Ellis angled into shore. Remington followed, then stood shivering in the shallows.
“Well, come on.”
She didn’t move. “I’m parked up by Trancas.”
“Layla.”
Together they crossed the white sand to the Loushane beach house. The lower story featured an enclosed stone patio with a fire pit. It was one of Remington’s favorite places in the world. The Zuma circus could be in full swing just a few yards away and there you’d feel removed and safe.
“Look who I turned up,” Ellis said, ducking through the gated entrance to the patio.
Remington g
ot a jolt when she followed him in. Caroline Loushane lay on a chaise and didn’t bother to rise. She was folded in the embrace of someone Remington recognized.
The Wayfarer guy, the Frisbee tosser, the languid friend of Simon’s.
Ellis gave Remington a towel and made the introduction. “This is Layla.”
With Caroline practically lying atop him, the Wayfarer couldn’t get up, either. “Hey there!” he said, raising the glass in his hand in Remington’s direction. “The family friend, right? Police officer, policewoman.”
“Not quite yet,” Remington said. She understood immediately that neither he nor she was going to mention the fact that they had run into each other before.
“Val Duran,” Ellis said. “He lives up the beach.”
“Layla is our good little housecleaner,” Caroline said. “Did you miss something, sister, is that why you’re here? I thought you ransacked the place pretty well. It looks like a rental in there, all nice and sterilized of every fucking bit of my dear brother’s personality.”
Caroline was angry at her, Remington realized. She got like this, stiff and Waspy, when she was miffed. She was also a little drunk. A collection of glassware cluttered the small wrought-iron table beside the chaise. A bottle of vodka sweated, encased in a solid block of ice. A mirror lay sprinkled with a leaving of cocaine.
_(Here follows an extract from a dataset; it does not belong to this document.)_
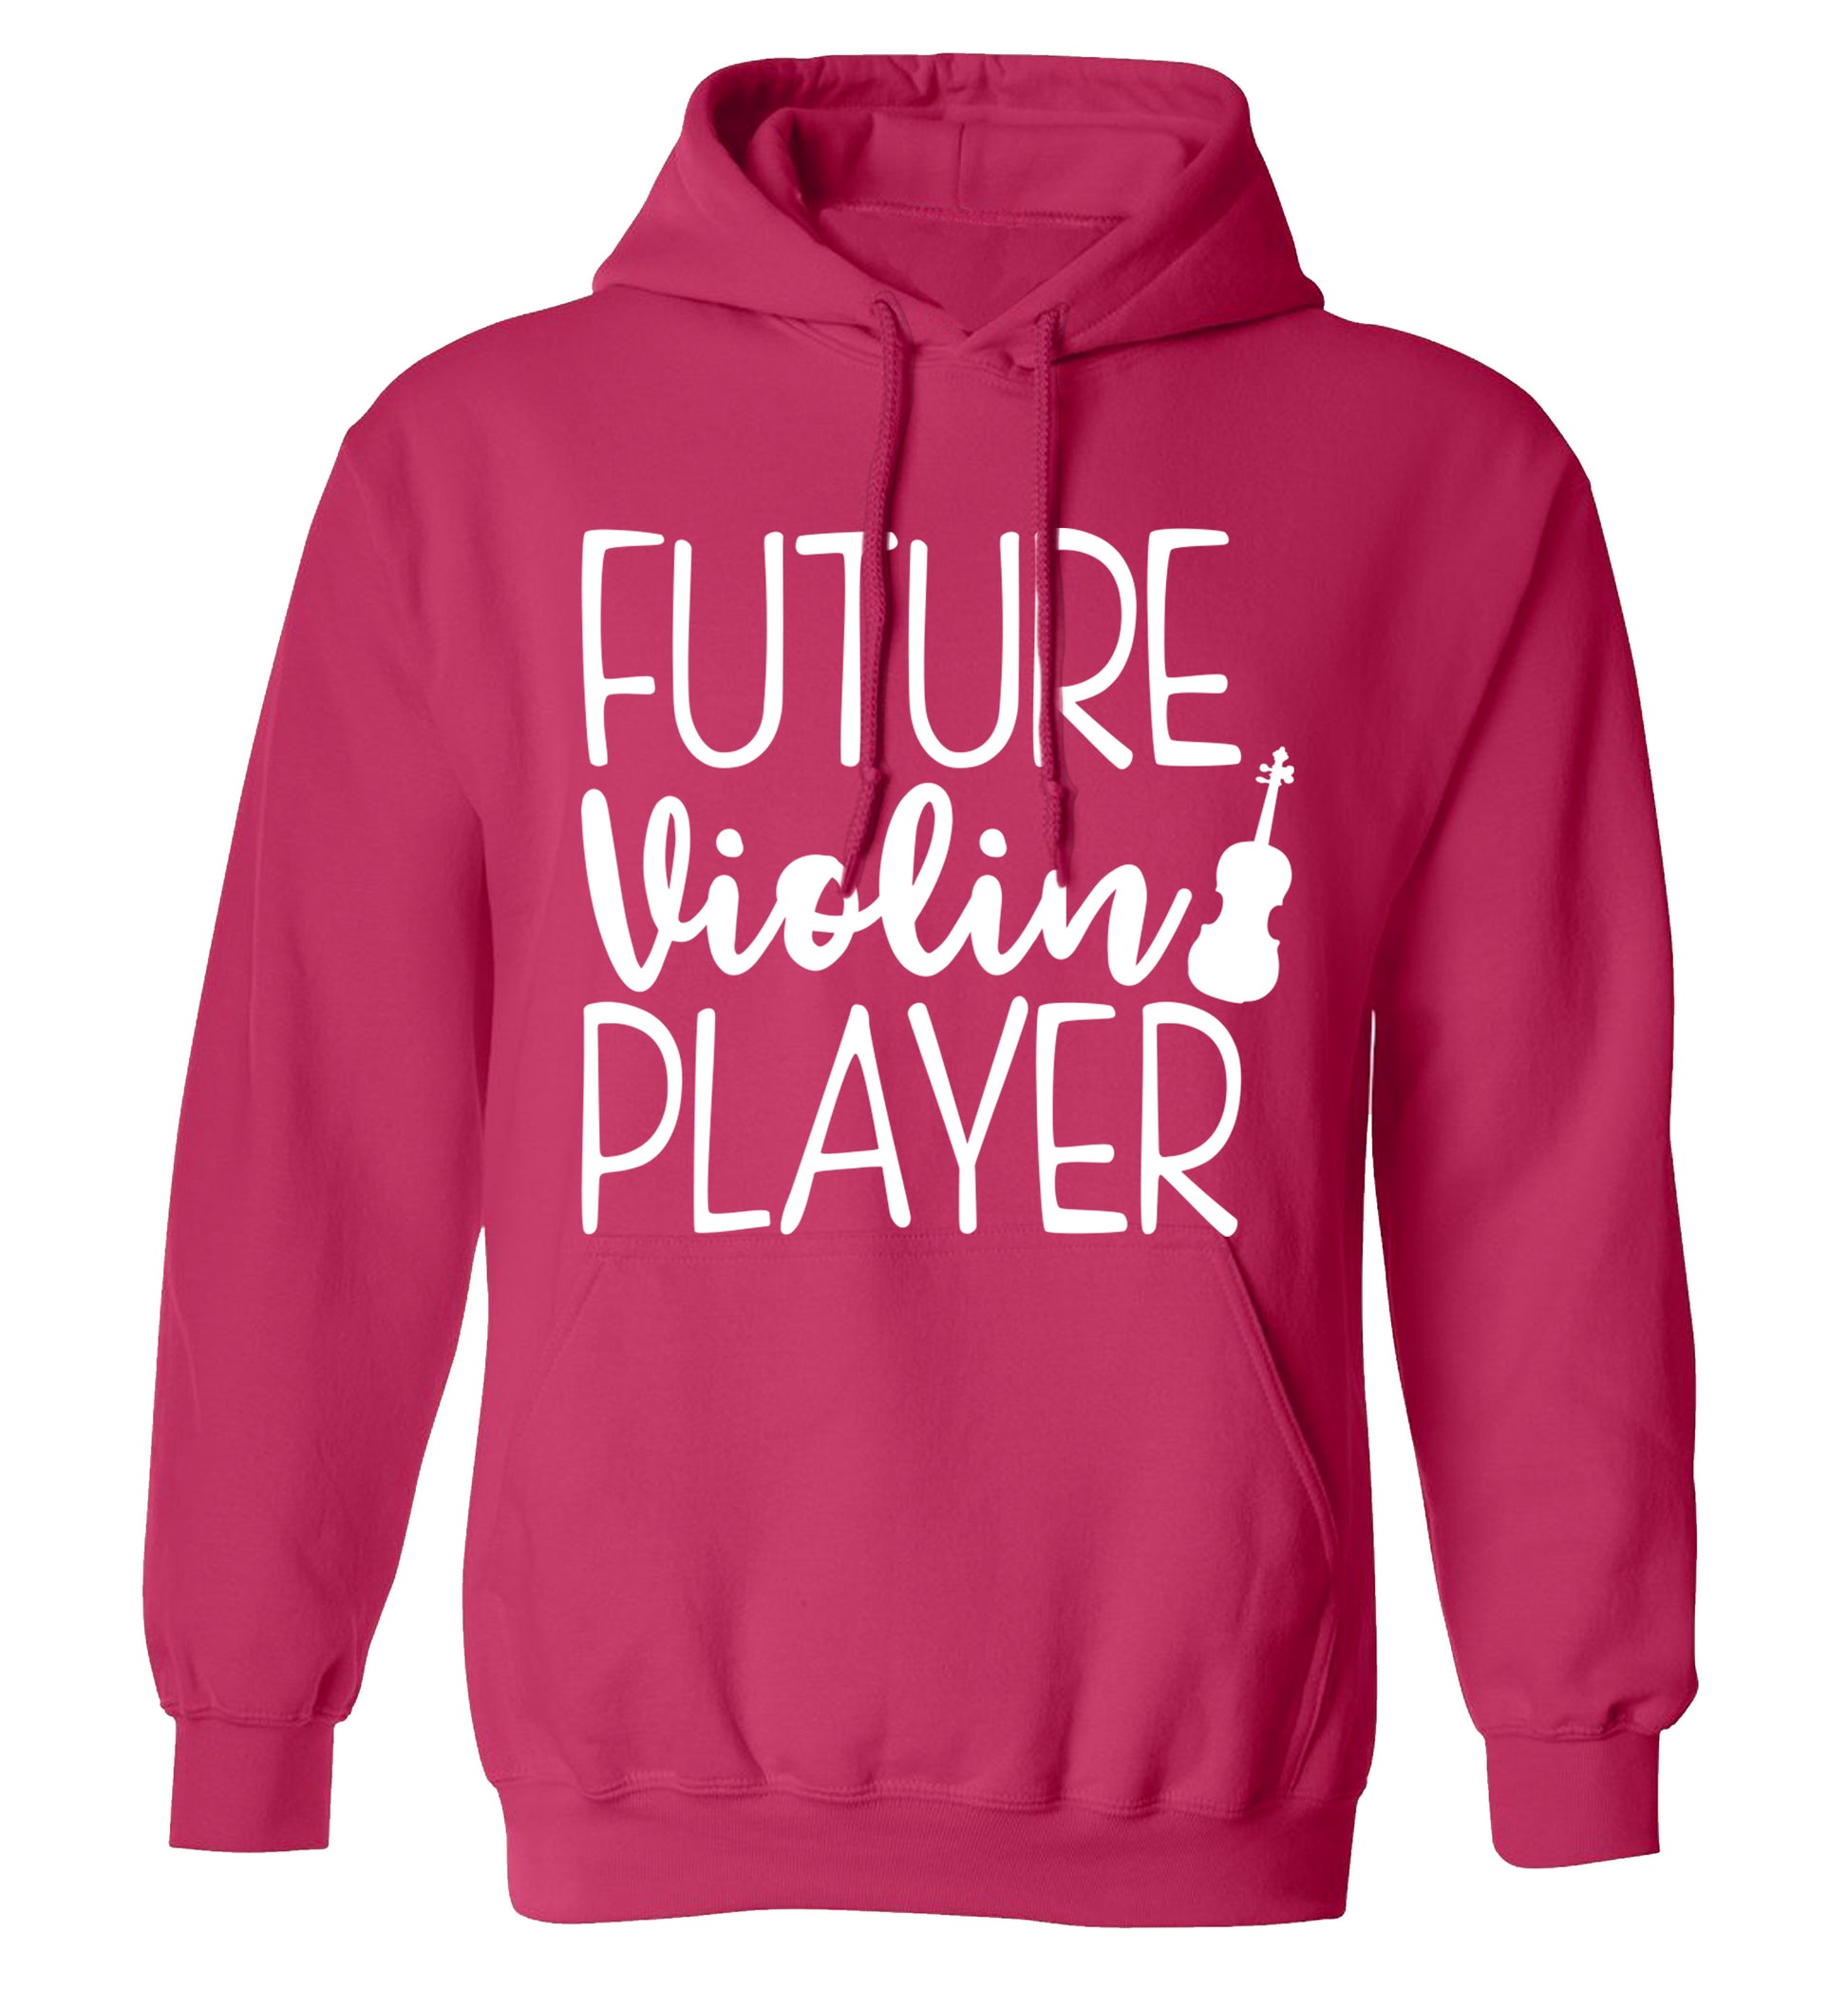 Future Violin Player adults unisex pink hoodie 2XL

“What are we drinking?” Ellis asked.
Remington hesitated, then crossed the terrace to take a beach chair. “If you want, Caroline, I’ll put everything back the way it was.”
“I do want,” Caroline retorted, petulant, knowing Remington was mocking her.
“I like it cleared out better,” Ellis said. He poured himself a drink and brought one over to Remington. “It’s not quite so painful, is it?”
“That was Brock’s reasoning,” Remington said. “I was just doing what he and your dad asked.”
The vodka was so damned icy it had become thick, like syrup. “Ah, vitamin V,” Ellis said, flopping down on a second chaise.